WHAT THE TASK REQUIRES: Any pictures in the records below must be left out when you repeat the lines from the line containing "httpss3.amazon" through the line containing "Фигуристые женщины - Галерея № 3450810" exactly.

LISTED ENTRIES: Begin

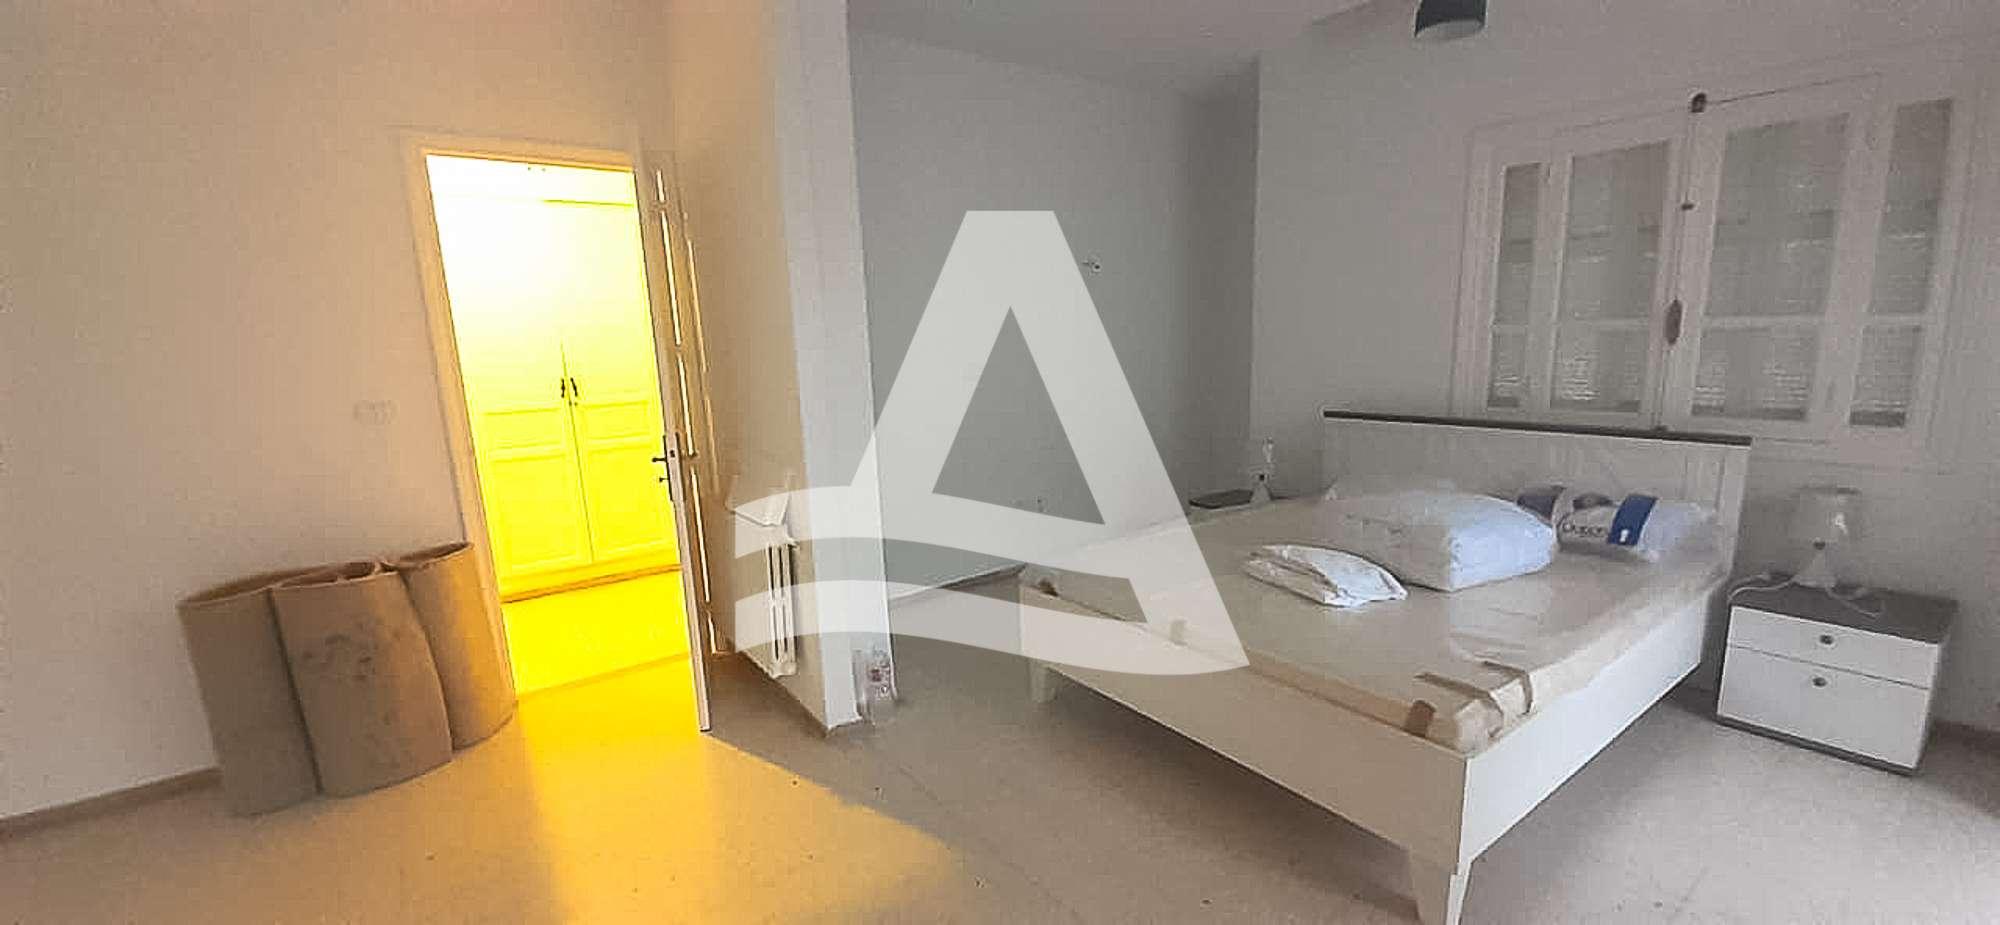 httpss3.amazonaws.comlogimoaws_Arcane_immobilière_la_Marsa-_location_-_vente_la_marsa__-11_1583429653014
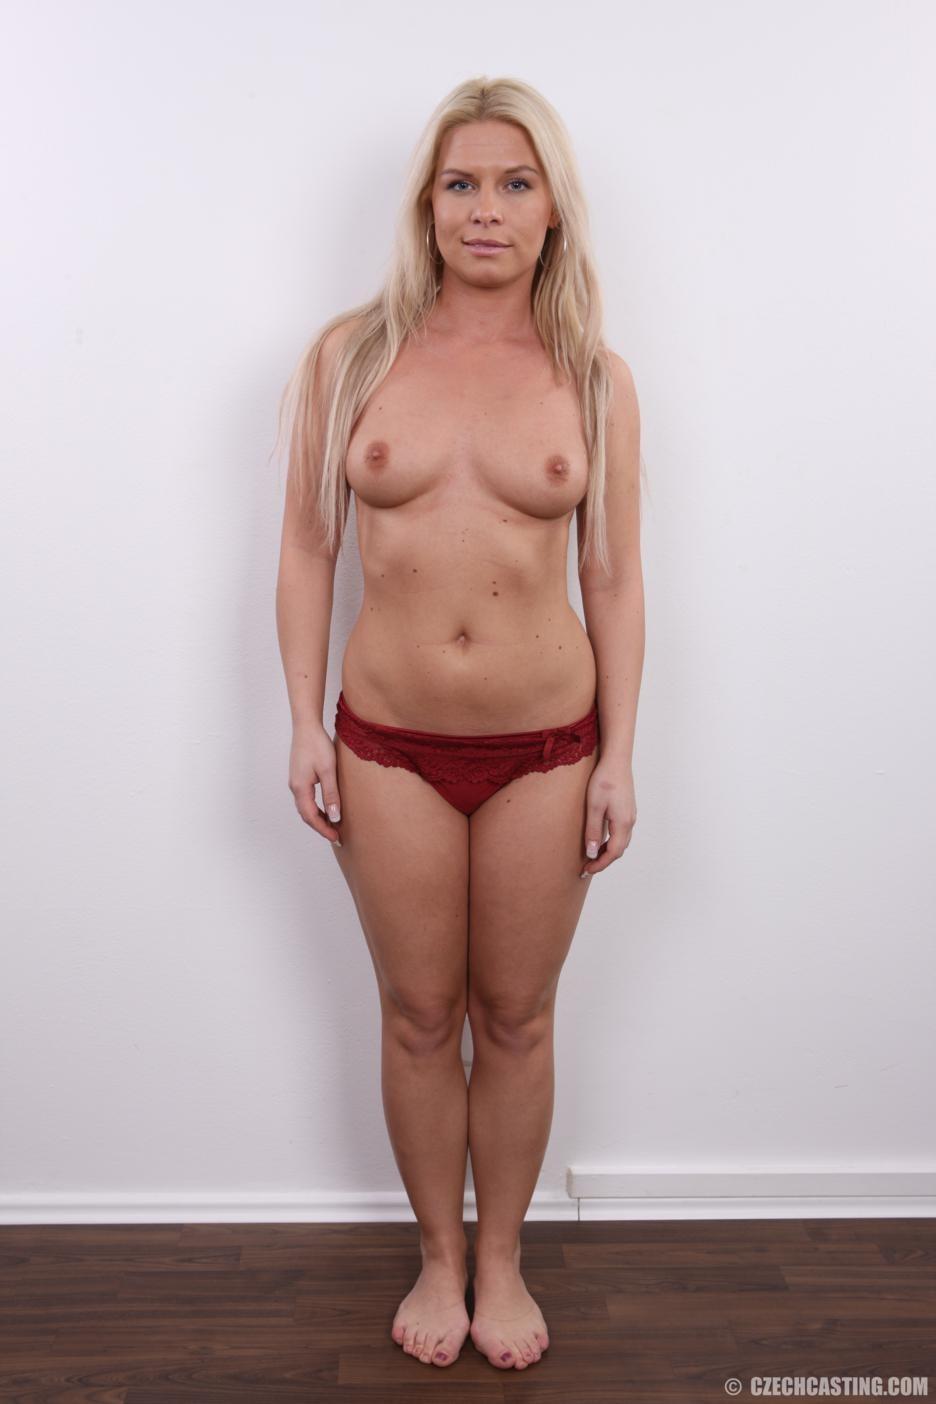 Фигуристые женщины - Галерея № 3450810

LISTED ENTRIES: End
LISTED ENTRIES: Begin

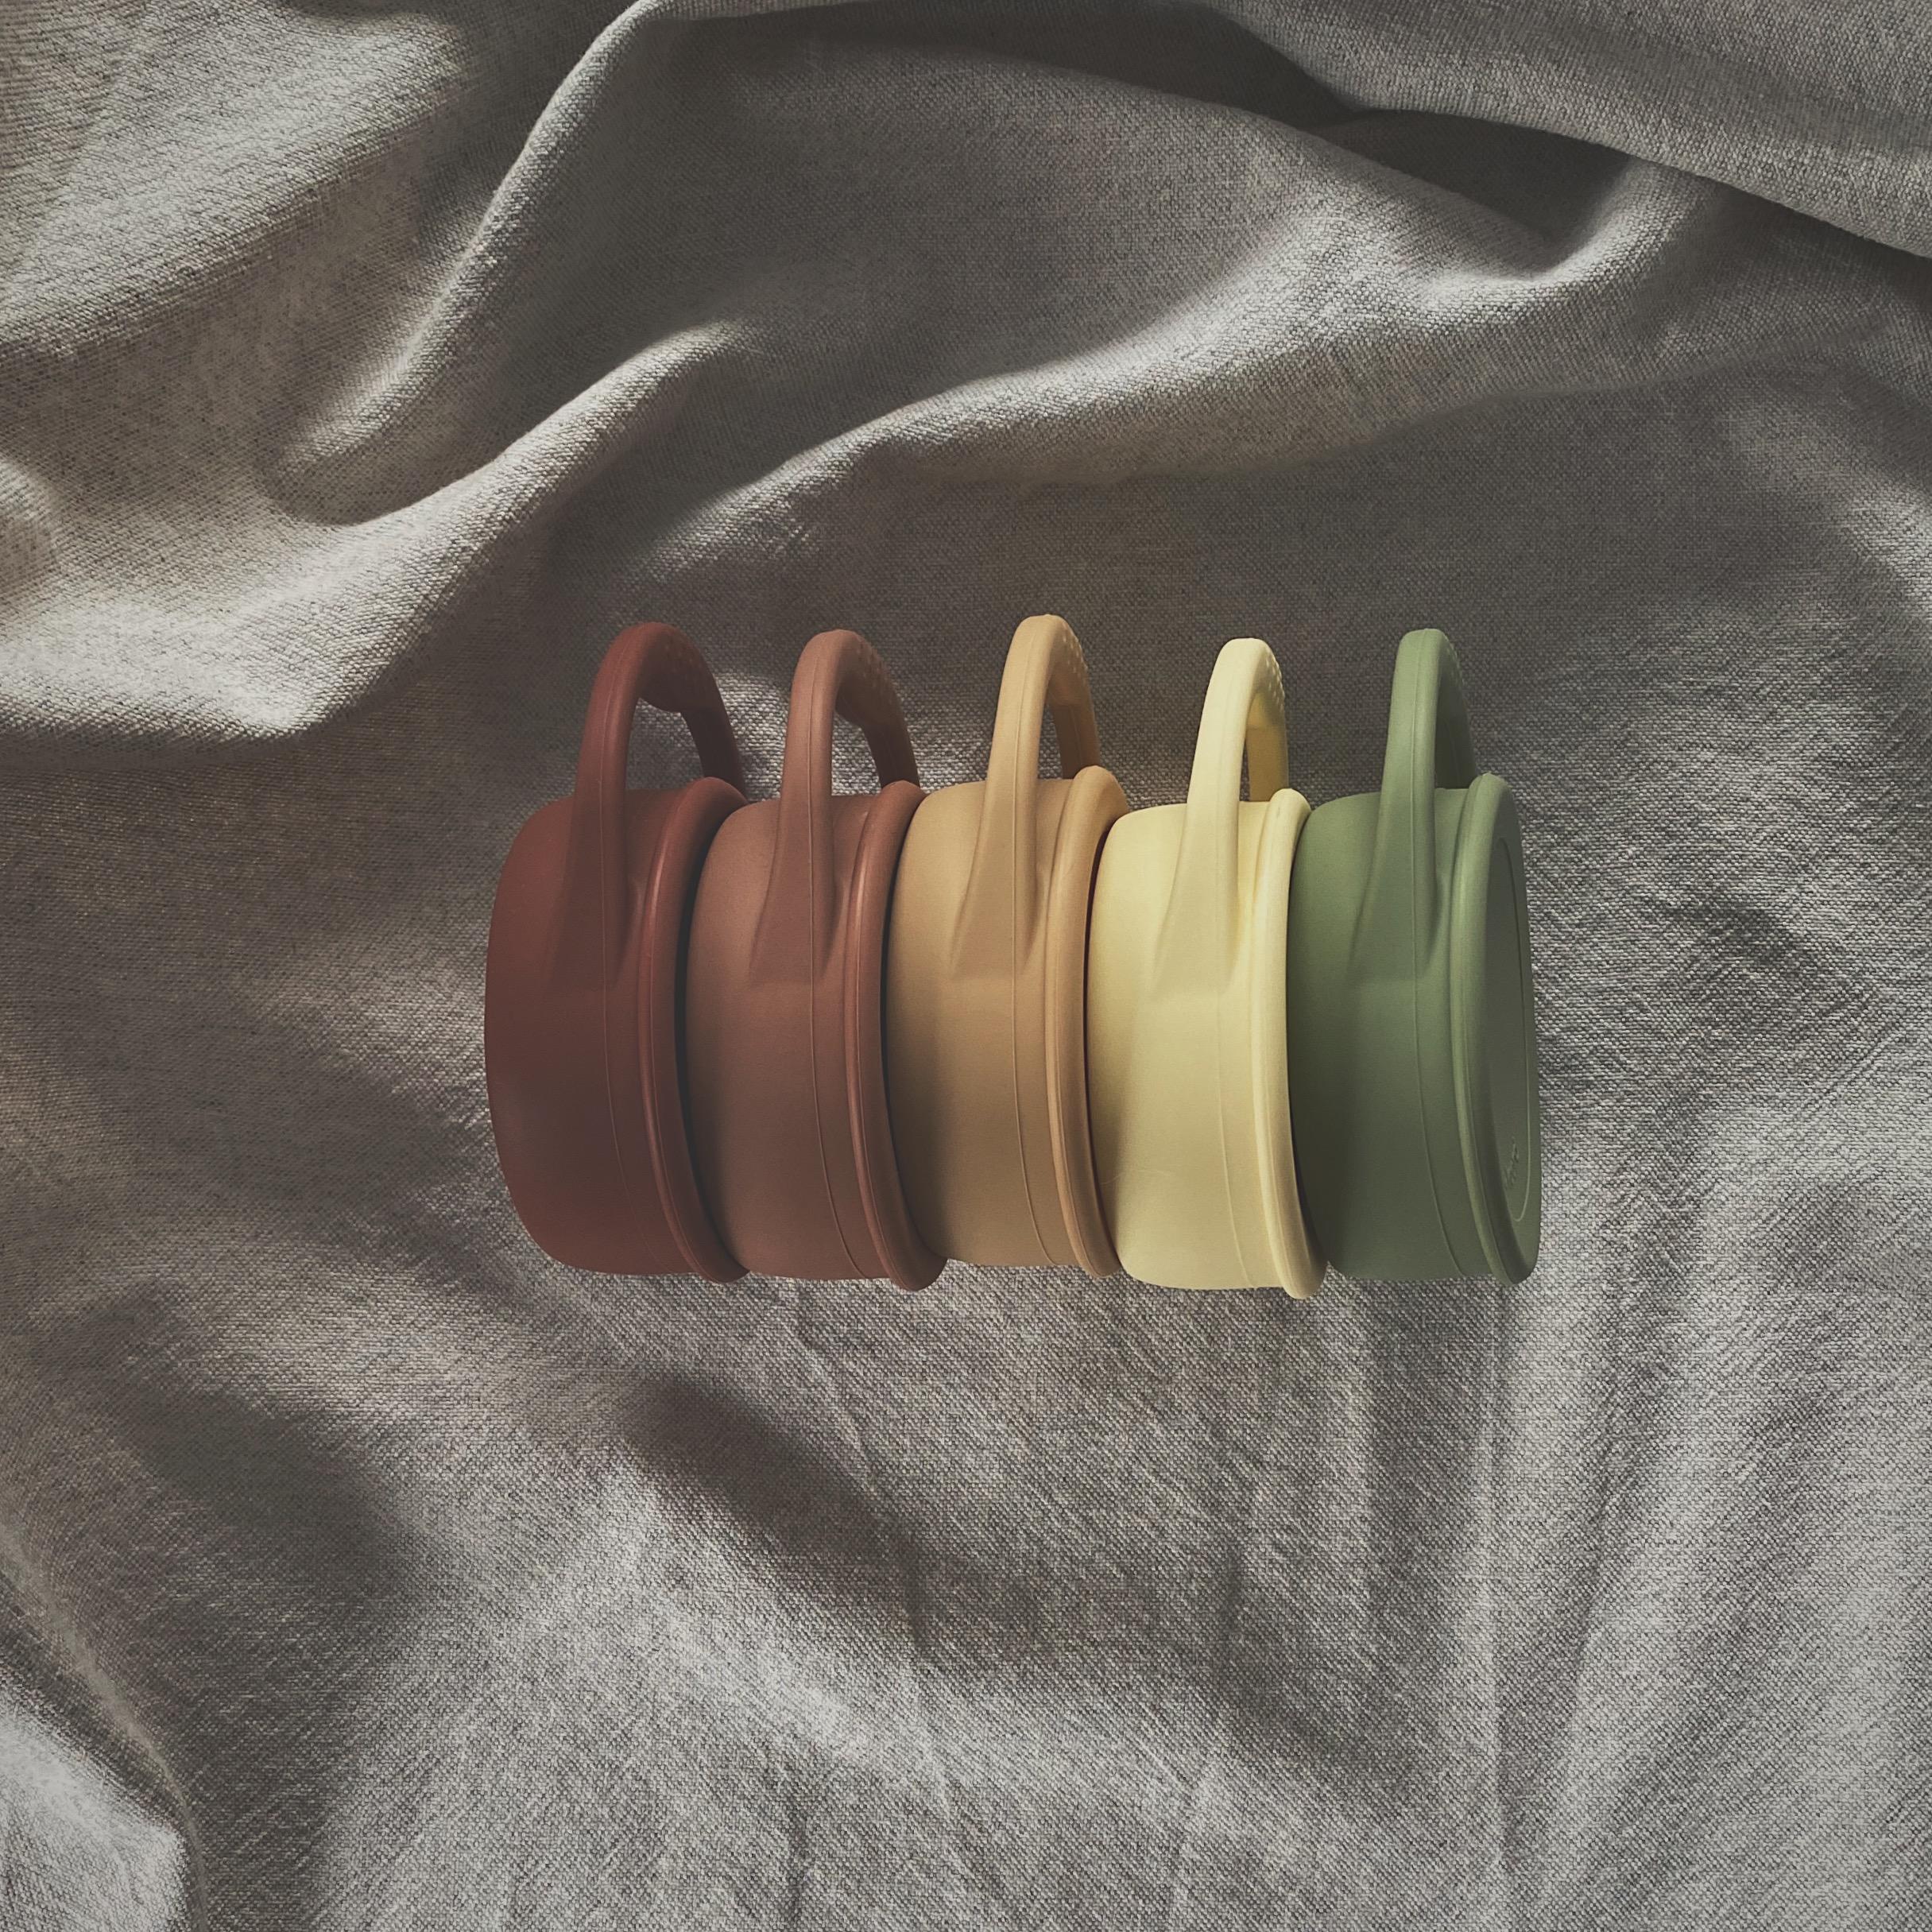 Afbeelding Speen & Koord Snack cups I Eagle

LISTED ENTRIES: End
LISTED ENTRIES: Begin

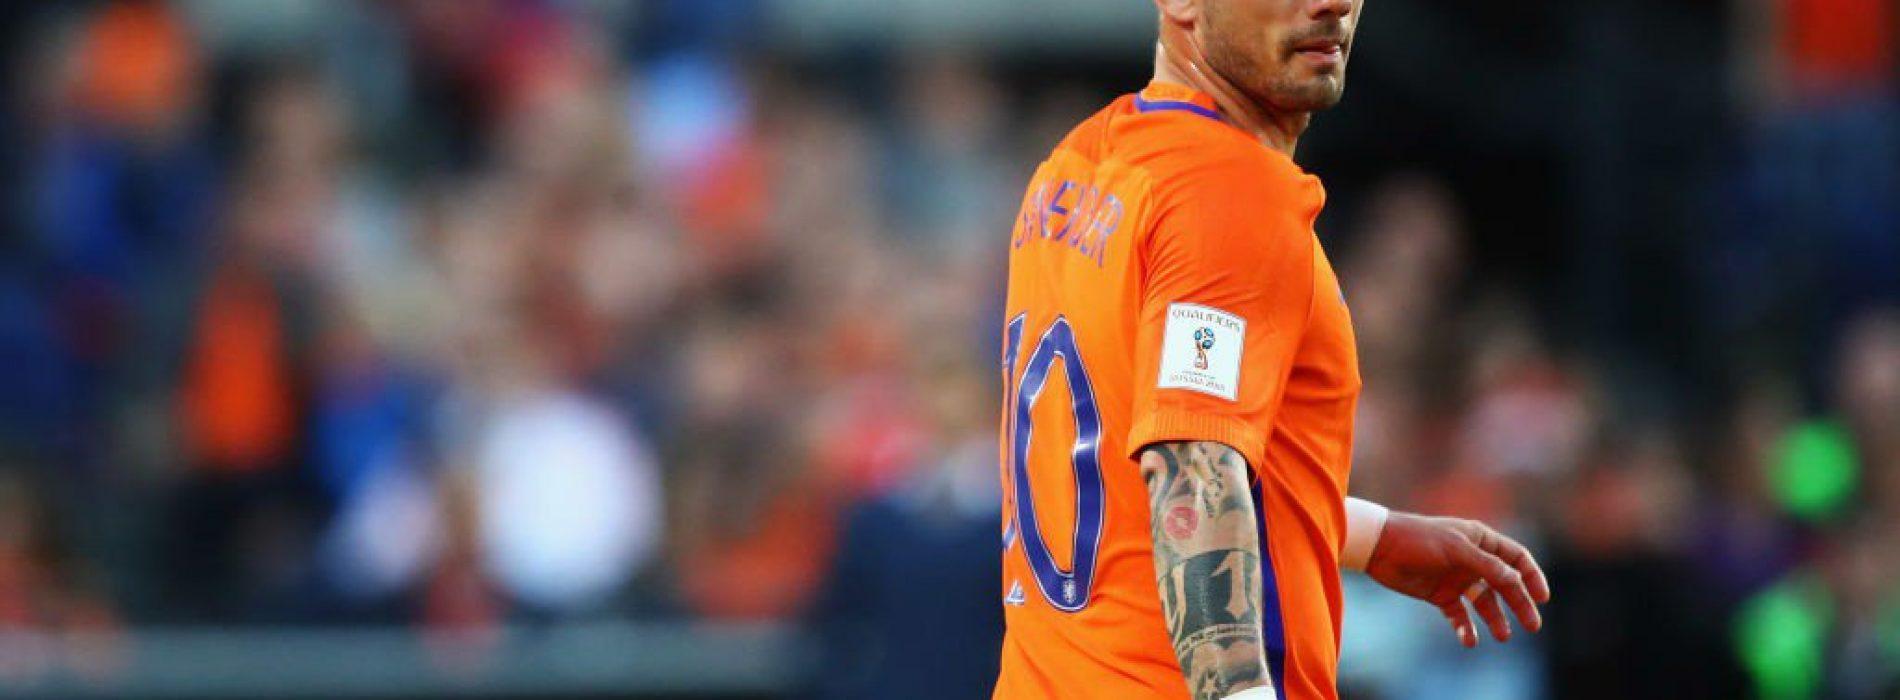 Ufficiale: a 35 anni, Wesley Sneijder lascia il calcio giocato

LISTED ENTRIES: End

EXERCISE SOLUTION:
 httpss3.amazonaws.comlogimoaws_Arcane_immobilière_la_Marsa-_location_-_vente_la_marsa__-11_1583429653014
 Фигуристые женщины - Галерея № 3450810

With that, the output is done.